Setting $Var (z) = 1$ : $n σ^{2} = 1$ $σ^{2} = \frac{1}{n}$

Therefore, the standard deviation $σ$ should be: $σ = \sqrt{\frac{1}{n}}$

Conclusion

This derivation shows that setting the standard deviation of the weight initialization to $\sqrt{1 / n}$ ensures that the output of each neuron has a variance of 1, assuming the inputs also have a variance of 1. This balance is crucial for maintaining effective learning, as it prevents the scale of the neuron outputs from increasing or decreasing dramatically across layers, which can lead to numerical instability or poor convergence. This is why the $\sqrt{1 / n}$ factor is commonly used in weight initialization methods like Xavier/Glorot initialization (which adjusts the variance further based on both the number of inputs and outputs).
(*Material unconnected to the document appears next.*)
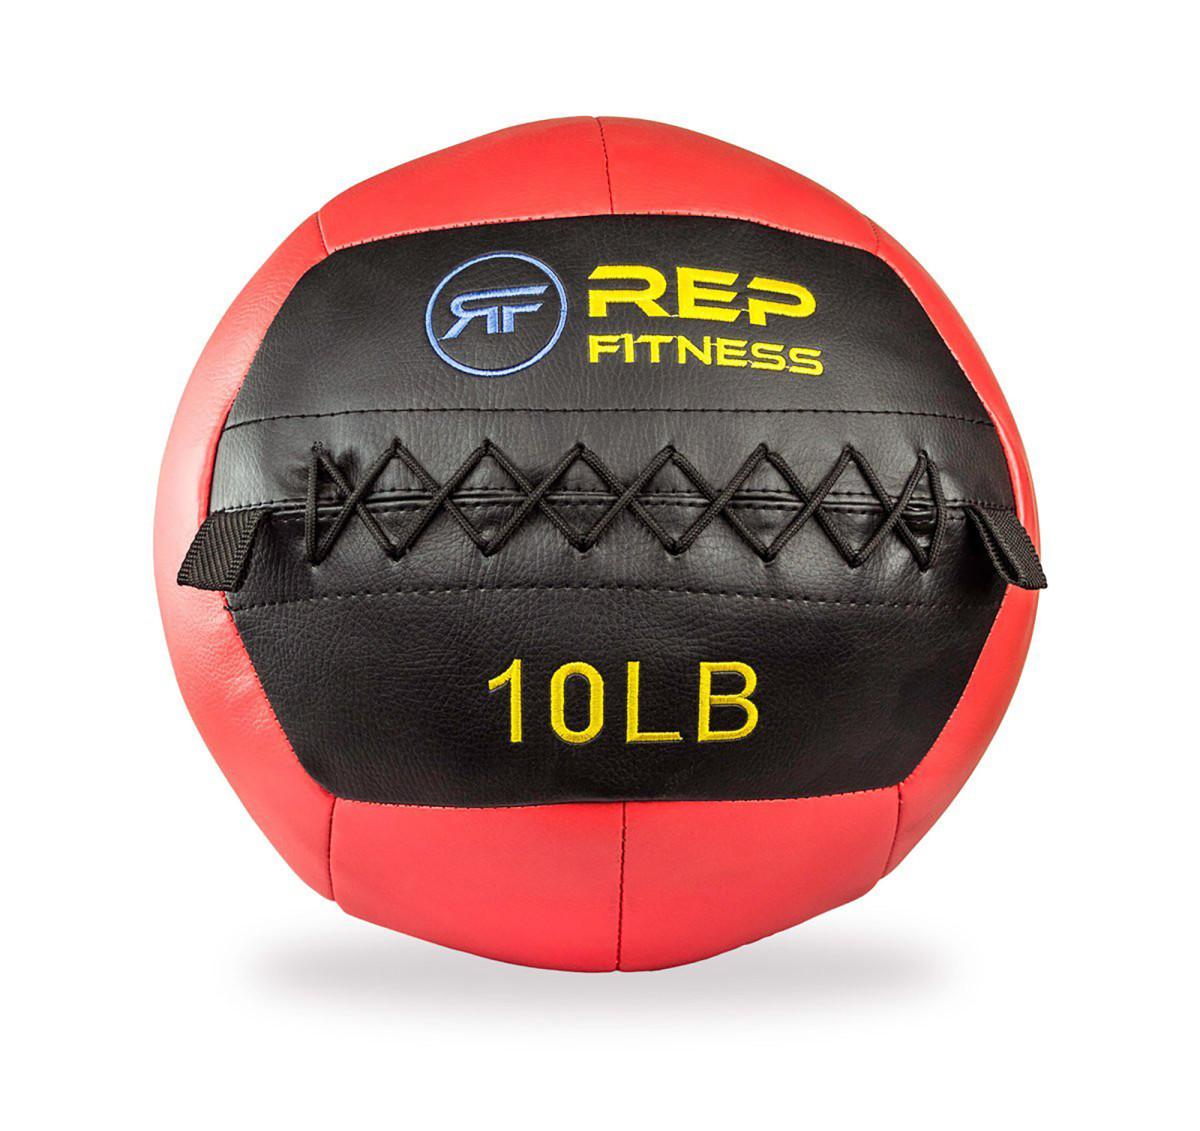 soft-medicine-ball-edge-workout-gear.jpg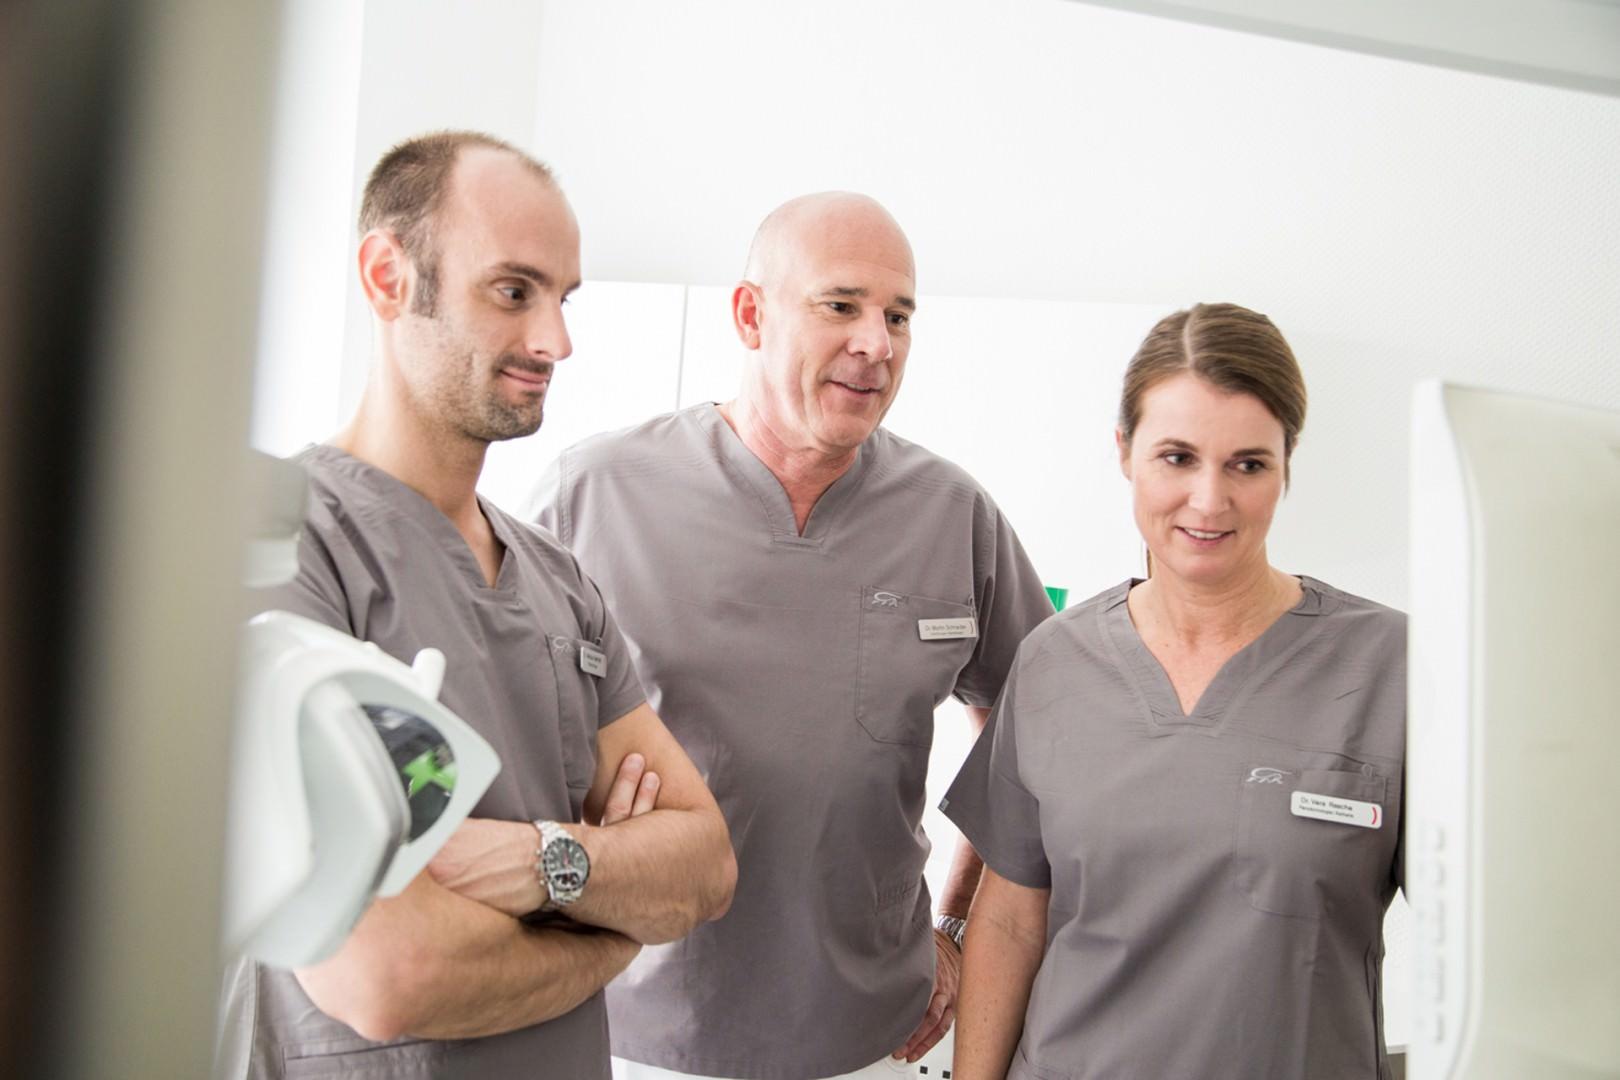 Zahnkultur Köln - Dr. Bechtold, Dr. Schneider, Frau Dr. Rasche schauen gemeinsam auf einen Bildschirm

Proving the identities of linear transformations under Random Variables

Let's go through the mathematical proof for how the linear transformations of a random variable affect its mean and variance. The transformation we are considering is $Y = a X + b$ , where $X$ is a random variable with mean $ \mu_X $ and variance $σ_{X}^{2}$ , and $ a $ and $b$ are constants.

1. Expectation (Mean)

The expectation operator $E$ has the properties of linearity, which means that for any constants $a$ and $ b $, a n d a r a n d o m v a r i a b l e$ X$: $E [a X + b] = a E [X] + b$

Proof for Mean

Given that $X$ has a mean of $μ_{X}$ , the mean of $Y$ is calculated as follows: $E [Y] = E [a X + b]$ $E [Y] = a E [X] + b$ $E [Y] = a μ_{X} + b$

Thus, the mean of $Y$ is $a μ_{X} + b$ .

2. Variance

Variance, denoted as $Var$ , measures the spread of a random variable around its mean. The variance of a transformed random variable $Y = a X + b$ is defined as: $Var (Y) = E [(Y - E [Y])^{2}]$

Proof for Variance

Substituting $ Y = aX + b $ and $ E[Y] = a\mu_X + b $ into the variance formula: $Var (Y) = E [(a X + b - (a μ_{X} + b))^{2}]$ $Var (Y) = E [(a X - a μ_{X})^{2}]$ $Var (Y) = E [a^{2} (X - μ_{X})^{2}]$ $Var (Y) = a^{2} E [(X - μ_{X})^{2}]$

Since $E [(X - μ_{X})^{2}]$ is the definition of $Var (X)$ , or $ \sigma_X^2 $: $Var (Y) = a^{2} σ_{X}^{2}$

Key Insight

The addition of a constant $b$ shifts the mean but does not affect the spread or variability of the distribution, hence it does not influence the variance. The multiplication by $a$ , however, scales the spread of the distribution by $a^{2}$ .

Summary

This proof shows that the mean and variance of a linear transformation of a random variable $Y = a X + b$ are $a μ_{X} + b$ and $a^{2} σ_{X}^{2}$ respectively. These properties are foundational in probability and statistics and are extensively utilized across fields like data science, economics, and engineering to understand and predict the behavior of complex systems based on simpler underlying distributions.

Putting It Together

Applying the Transformation

Given $Y = a X + b$ , we can substitute $a$ with our target standard deviation $σ_{T}$ .

$Y = σ_{T} X$

We know now that: $Var (Y) = σ_{Y}^{2} = σ^{2} σ_{X}^{2}$ and by square root, we get: $σ_{Y} = \sqrt{V a r (Y)} = \sqrt{σ_{T}^{2} σ_{X}^{2}} = σ_{T} σ_{X}$ .
$= σ_{T} * 1$
We substitute $\sqrt{1 / n}$ and our origin standard deviation $1$ to get: $σ_{Y} = \sqrt{1 / n} * 1$

This concludes the formulation of MLP weight initialization. Hope this provides a good reference for folks to think about how weight initialization impacts the variance of a network's outputs.